## WORK TO BE COMPLETED
From the first line to the last, copy the data exactly.

Records from a dataset:

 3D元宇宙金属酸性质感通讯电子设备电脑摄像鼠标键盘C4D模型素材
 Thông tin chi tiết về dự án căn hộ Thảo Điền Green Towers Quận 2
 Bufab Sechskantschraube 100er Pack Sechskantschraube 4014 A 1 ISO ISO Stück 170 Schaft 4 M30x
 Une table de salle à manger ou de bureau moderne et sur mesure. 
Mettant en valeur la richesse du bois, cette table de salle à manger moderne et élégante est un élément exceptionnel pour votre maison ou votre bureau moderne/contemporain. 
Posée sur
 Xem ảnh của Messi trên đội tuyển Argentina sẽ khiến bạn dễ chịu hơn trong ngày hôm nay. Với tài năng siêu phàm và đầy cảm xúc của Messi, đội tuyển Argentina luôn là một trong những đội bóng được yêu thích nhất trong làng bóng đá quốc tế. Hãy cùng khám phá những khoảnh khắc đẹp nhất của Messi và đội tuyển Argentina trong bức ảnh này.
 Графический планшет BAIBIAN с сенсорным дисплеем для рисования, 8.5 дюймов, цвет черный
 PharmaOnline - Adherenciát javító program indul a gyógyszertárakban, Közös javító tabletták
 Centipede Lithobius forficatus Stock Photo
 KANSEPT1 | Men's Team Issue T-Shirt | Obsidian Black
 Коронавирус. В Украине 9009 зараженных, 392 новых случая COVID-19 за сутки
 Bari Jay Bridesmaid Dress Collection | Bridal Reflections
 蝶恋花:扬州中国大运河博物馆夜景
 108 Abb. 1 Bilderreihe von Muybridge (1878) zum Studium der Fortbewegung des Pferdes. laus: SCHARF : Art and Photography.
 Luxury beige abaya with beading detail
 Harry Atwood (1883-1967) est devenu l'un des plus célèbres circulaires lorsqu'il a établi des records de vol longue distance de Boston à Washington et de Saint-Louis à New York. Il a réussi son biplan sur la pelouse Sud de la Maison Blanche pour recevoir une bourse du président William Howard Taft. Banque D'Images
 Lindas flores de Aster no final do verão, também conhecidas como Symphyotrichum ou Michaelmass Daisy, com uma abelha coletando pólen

## EXPECTED ANSWER
 3D元宇宙金属酸性质感通讯电子设备电脑摄像鼠标键盘C4D模型素材
 Thông tin chi tiết về dự án căn hộ Thảo Điền Green Towers Quận 2
 Bufab Sechskantschraube 100er Pack Sechskantschraube 4014 A 1 ISO ISO Stück 170 Schaft 4 M30x
 Une table de salle à manger ou de bureau moderne et sur mesure. 
Mettant en valeur la richesse du bois, cette table de salle à manger moderne et élégante est un élément exceptionnel pour votre maison ou votre bureau moderne/contemporain. 
Posée sur
 Xem ảnh của Messi trên đội tuyển Argentina sẽ khiến bạn dễ chịu hơn trong ngày hôm nay. Với tài năng siêu phàm và đầy cảm xúc của Messi, đội tuyển Argentina luôn là một trong những đội bóng được yêu thích nhất trong làng bóng đá quốc tế. Hãy cùng khám phá những khoảnh khắc đẹp nhất của Messi và đội tuyển Argentina trong bức ảnh này.
 Графический планшет BAIBIAN с сенсорным дисплеем для рисования, 8.5 дюймов, цвет черный
 PharmaOnline - Adherenciát javító program indul a gyógyszertárakban, Közös javító tabletták
 Centipede Lithobius forficatus Stock Photo
 KANSEPT1 | Men's Team Issue T-Shirt | Obsidian Black
 Коронавирус. В Украине 9009 зараженных, 392 новых случая COVID-19 за сутки
 Bari Jay Bridesmaid Dress Collection | Bridal Reflections
 蝶恋花:扬州中国大运河博物馆夜景
 108 Abb. 1 Bilderreihe von Muybridge (1878) zum Studium der Fortbewegung des Pferdes. laus: SCHARF : Art and Photography.
 Luxury beige abaya with beading detail
 Harry Atwood (1883-1967) est devenu l'un des plus célèbres circulaires lorsqu'il a établi des records de vol longue distance de Boston à Washington et de Saint-Louis à New York. Il a réussi son biplan sur la pelouse Sud de la Maison Blanche pour recevoir une bourse du président William Howard Taft. Banque D'Images
 Lindas flores de Aster no final do verão, também conhecidas como Symphyotrichum ou Michaelmass Daisy, com uma abelha coletando pólen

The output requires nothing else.